The Nihon Review - Anime Reviews & Editorials


Title: Mai-Otome aka My-乙HiME
Genre: Action/Drama
Company: Sunrise
Format: 26 episodes
Dates: 7 Oct 2005 – 31 Mar 2006

Synopsis: Armed only with her grandmother’s tidbits of advice and a mysterious gem, Yumemiya Arika travels to the country of Wind Bloom to enroll in the prestigious school for up-and-coming Otome, Garderobe. Given the duty of guarding the leaders of nations across the world, Otome are bestowed with amazing powers. Along her way, Arika meets the number one first year student at Garderobe, Nina Wáng, and the country’s princess, Mashiro Blan de Windbloom in a strange encounter.

The Highlights
Main characters: Seemingly vapid at first, but develop a great deal.
Side characters: Poorly managed; used blatantly as devices.
Pacing: Fairly steady throughout; cliffhangers allow episodes to glide into each other.
Drama: Not quite as over-the-top as in Mai-HiME.
Music: Kajiura Yuki… need I say more?

Let’s get this out of the way at the beginning: Mai-Otome was never intended to be a sequel/spin-off/offshoot/whatever to Mai-HiME. Though Mai-Otome borrows character designs and idiosyncrasies, its alternate universe holds no significant connections with that of HiME’s, and as far as style and pacing are concerned the two series take rather different approaches. With that said, Otome improves on a lot of the negative features that dog HiME, but has its own unique set of flaws that lead it to be far less memorable than the instant-classic shounen action series. However it’s still a fun and enjoyable action outing in its own right.
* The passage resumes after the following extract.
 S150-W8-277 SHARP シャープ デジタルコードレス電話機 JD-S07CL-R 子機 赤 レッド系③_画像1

The most significant difference between HiME and Otome are the way they pace themselves. While HiME is meticulously slow in its first stanza and blitzingly fast in its last, Otome flows at a steady pace throughout its course. In a sense, Otome’s plot more resembles a series of events, as opposed to HiME, which had a premise that, despite the fact that it took sixteen episodes to reveal, was conventional and unidirectional. What redeems Otome’s “series of events” plot is that the focus of pretty much everything that happens is the impact it makes on the main three characters, particularly Arika. However, the intense focus on its main characters comes at a cost to the rest of its monster-sized cast – a cast that is, ultimately, poorly managed. There are a few characters in HiME that can be accused of being plot devices, but in this series everyone outside Arika, Mashiro and Nina are either plot devices or a device for the development of those three characters.
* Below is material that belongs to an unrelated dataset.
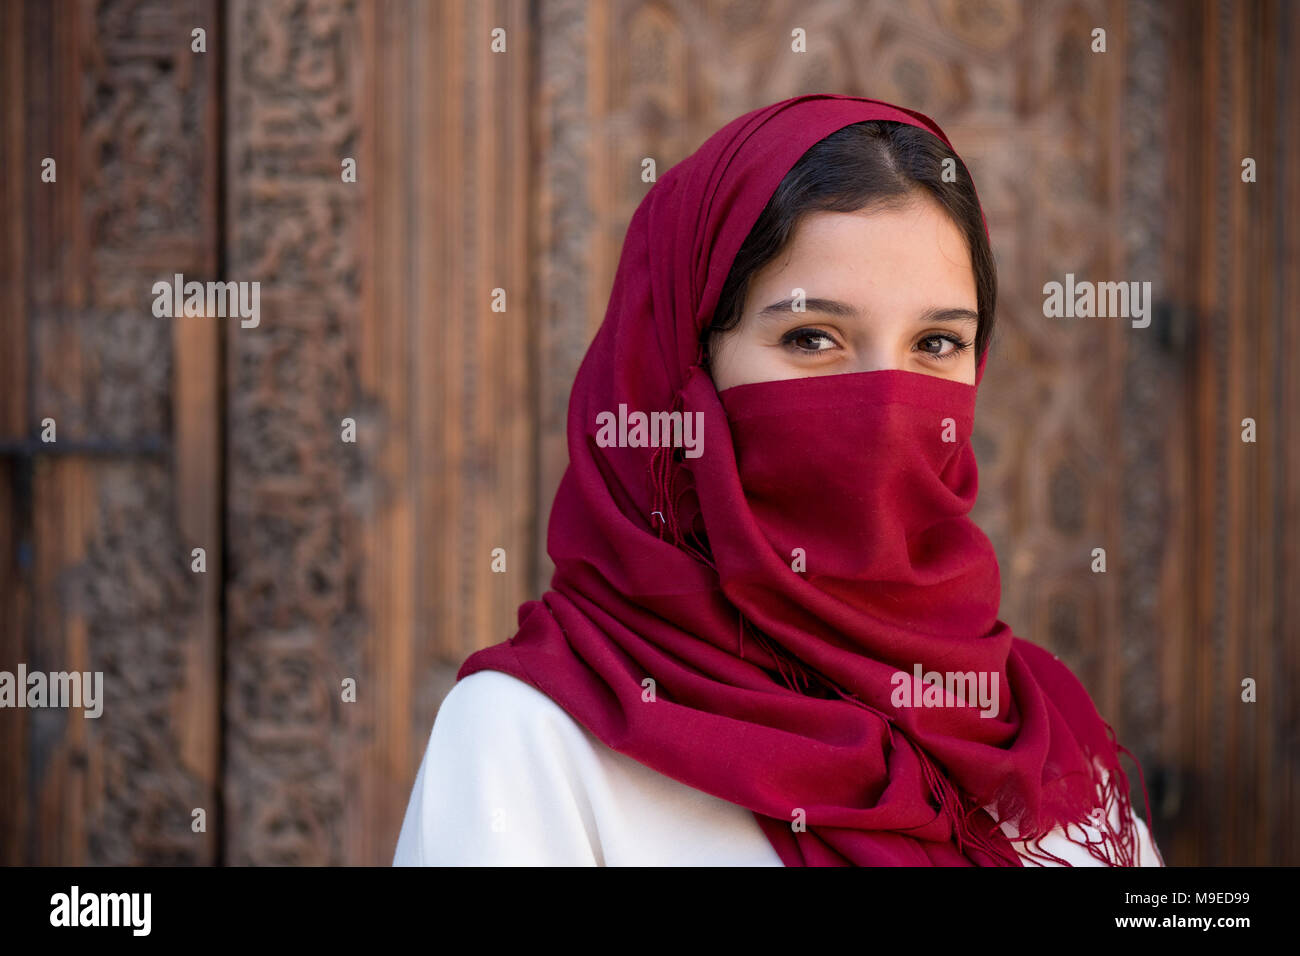 Mujer Con Un Pañuelo Rojo En Su Cabeza Imagen de archivo - Imagen

With that said, it’s hardly misspent energy since the development of these three characters is profound. Much like HiME, Otome builds towards a dramatic final few episodes. However, this particular stanza lacks the raw intensity of the much talked about HiMElander arc. Also, given the fact that the characters have phenomenal superpowers, one can expect deus ex machina to assert its influence on numerous occasions. I suppose what stifles the chance for truly intense drama the most is Otome’s Disney-like fear of and aversion to killing off its recognized characters. The finale itself isn’t brilliant, but does an acceptable job of complimenting the rest of the series. In this respect, Otome is substantially better than HiME.

With respectable aesthetics, particular in the music department where Kajiura Yuki again brings her predictable brilliance to the table, and a set of adequately developed main characters, Mai-Otome is a decent addition to the shounen action genre. It may be an independent story from that of HiME, but it does require a working knowledge of Sunrise’s older series to understand a lot of the references. In fact, much of the fun of the first half of the series is seeing old characters in new roles. However, Otome is much more than just inconsequential amusement for HiME fans. Its intriguing mystery and exciting action packed story makes this a must for fans of HiME who aren’t looking for a sequel.